Despite their focus on nation-building, these communities and journals did not close themselves off from their international environment. Since their early beginnings, the Chilean journals, especially those covering the natural sciences, perceived themselves as embedded within international, disciplinary communities. Although they aimed primarily at national and regional audiences, they observed their international environment and intended to link their audiences with the mainstream international literature. The journals often contained translations of articles which had previously appeared in European or US journals, notes on international conferences, and annotated international bibliographies. But the main orientation at that time was national. In light of the organization of national public services, for example, Revista Médica de Chile included descriptions of university programs and health services in Europe and the US (REV.MED.CHILE, 1875, 1920). These practices, however, diminished notably during the twentieth century when more and more Chilean and Latin American scholars started to publish research, which they had conducted themselves, and address international debates in these journals. In terms of language, in the late nineteenth century and until the mid-twentieth century, Spanish was omnipresent in the Chilean journals, even if some of them, such as Anales del Museo de Historia Natural (1891), Actes de la Société Scientifique du Chili (1891), and Revista Chilena de Historia Natural (1897), included articles in French, English and German, which were mostly written by European and US scholars working either temporarily or permanently in Latin America.

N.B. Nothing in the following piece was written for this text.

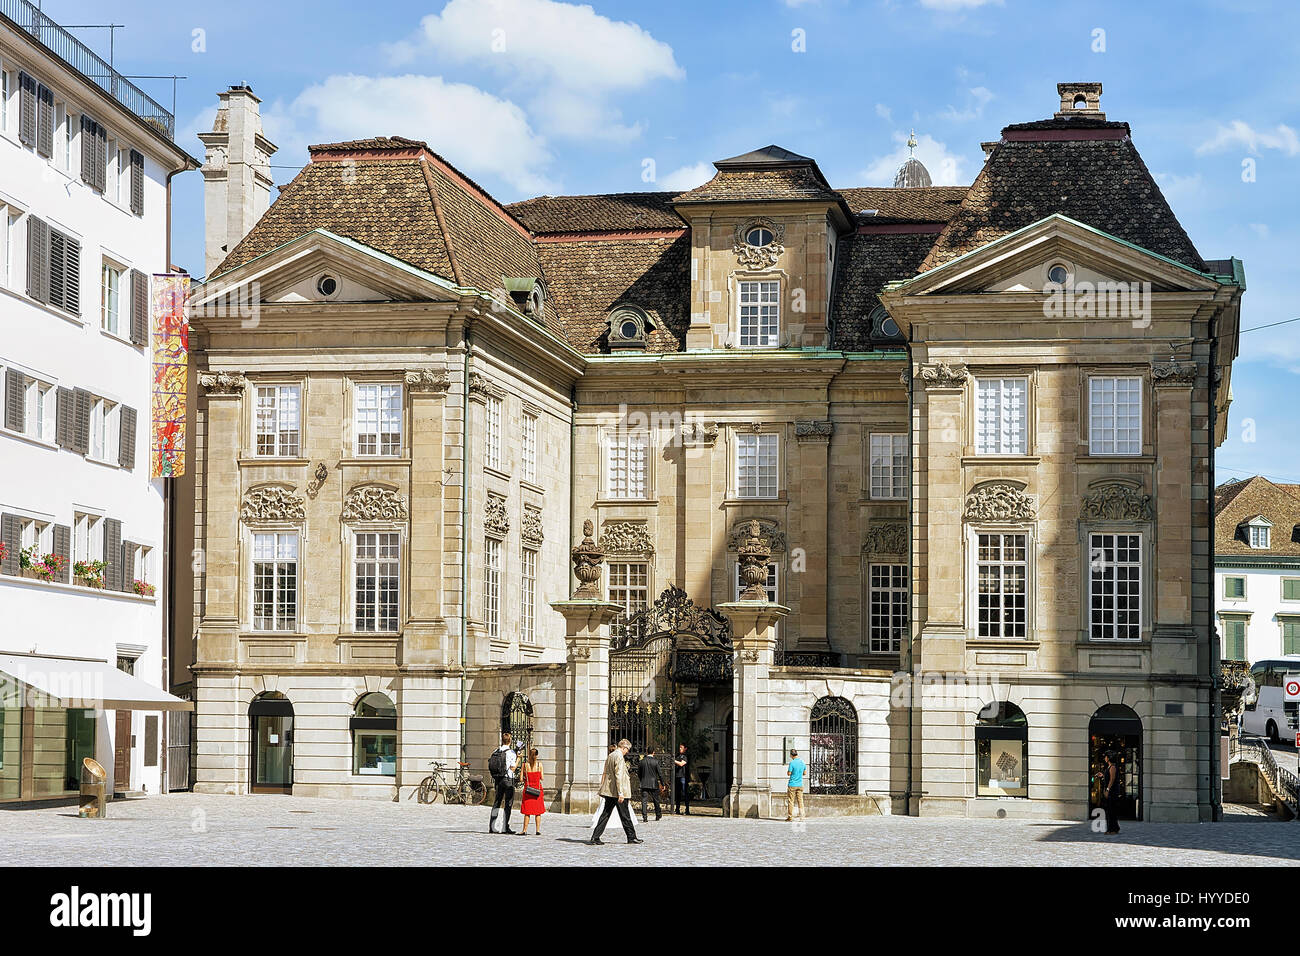 Zurigo, Svizzera - 2 Settembre 2016: persone al Palace a Munsterhof trimestre nel centro della città di Zurigo, Svizzera Foto Stock

Some geographical imaginaries were present in the journals. Whereas Europe and the US were depicted as foreign and leading networks, Latin America was seen as a large continent with national communities that shared the same concerns. Scholarship could more easily be shared within this Latin American network. Even more, the continent could provide the geographical basis for strengthening the position of the journals and their communities in the world of science. This continuity between national and regional orientations can be seen in the attention given to Latin American subjects and conferences (e.g. REV.CHIL.HIST.NAT, 1901, 1901a, 1901b), annotated Latin American bibliographies (e.g. REV.MED.CHILE, 1910) and the inclusion of papers authored by Latin American scholars.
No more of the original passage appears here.